Indeed, at the subsequent panel which clarified the off-panel event, a P600 was suggested only following the non-cued onlooker, despite both cued and non-cued versions eliciting the same inference. The P600 in this context was taken as an indicator of the difference in narrative structure, since the inferential content was held constant, with the preceding cued panel being more suggestive of a climactic Peak than the non-cued panel. Indeed, P600s have appeared to disruptions of the narrative grammar alone, with no manipulations of meaning (Cohn et al. 2014) suggesting a process of structural reanalysis or revision in line with P600s originally shown to violated syntactic structure sentence processing (Hagoort et al. 1993; Osterhout and Holcomb 1992). Such findings further support that the P600 may operate across both grammatical and semantic processing, or at their interface (Bornkessel-Schlesewsky and Schlesewsky 2008; Brouwer et al. 2016; Michalon and Baggio 2019).

Rather, inferential processes in this study may have instead been indexed by sustained anterior negativities which were evoked by panels following both cued and non-cued onlookers (Cohn and Kutas 2015). Such sustained negativities often with a more central or frontal distribution, have been posited in studies of verbal discourse to reflect interpretive processes subsequent to the relational semantics indexed by the N400 (Baggio 2018; Baggio et al. 2008; Bott 2010; Hoeks and Brouwer 2014). Such negativities may index working memory processes seeking to resolve complex ambiguities, like inferences (van Berkum 2009), or a mechanism searching through a mental model (Hoeks and Brouwer 2014). Sustained negativities have been observed to visual narratives following the N400 time window in most all studies of semantic processing looking at sequential images (Cohn et al. 2012; West and Holcomb 2002).

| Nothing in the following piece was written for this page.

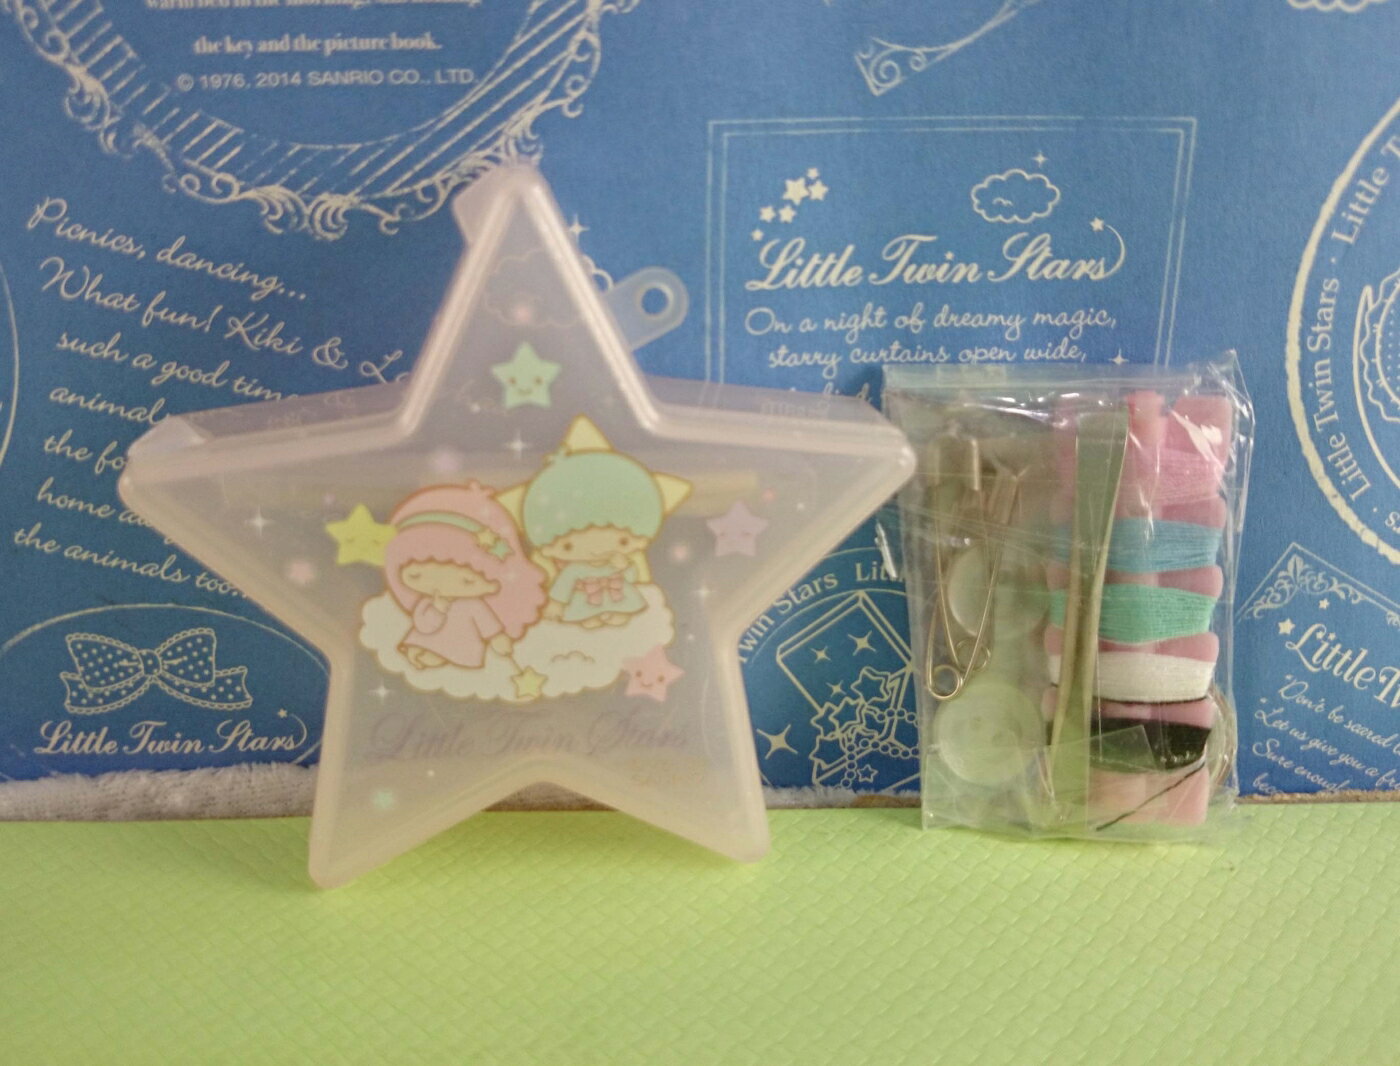 【震撼精品百貨】Little Twin Stars KiKi&LaLa 雙子星小天使 針線 震撼日式精品百貨

In comparison with onlookers, action stars show no explicit referential information at all—they depict only a symbolic star-shape—while directly cuing both narrative and inference (Cohn 2019). Thus, here we compared sequences depicting explicit events with those substituted with action stars. These conventional sequences were further contrasted with sequences substituting climactic events with “noise panels”—panels created by scrambling the lines from action stars into non-representational configurations (Fig. 2).

Fig. 2
figure 2

Example stimuli for visual narrative sequences with a critical panel of either an explicit event, a conventionalized action star, or a noise panel. Peanuts is © Peanuts Worldwide LLC

Given prior theories of visual narrative processing (Cohn 2020; Loschky et al. 2020), the action star should demand relatively few costs of information extraction, because of its simple symbolic representation, compared to more complex depictions of events. Such information extraction would thus be impossible for noise panels, which depict no meaningful cues at all. From here, semantic access (N400) should become harder for action stars and noise panels, because the surface information will have less feature overlap with explicitly depicted events. If the event-cues of action stars sponsor an inference more than the noise panels, and if such an inference is manifest in the access to semantic memory, we might expect an attenuated N400 to action stars. However, both the action star and noise panels could equally sponsor inference at this position, as in findings that N400s did not differ to onomatopoetic (Pow!) and descriptive words (Punch!) in action stars, which were both attenuated compared to anomalous words, suggesting that they were both sufficient as event-cues given the context of the prior visual sequence (Manfredi et al. 2017).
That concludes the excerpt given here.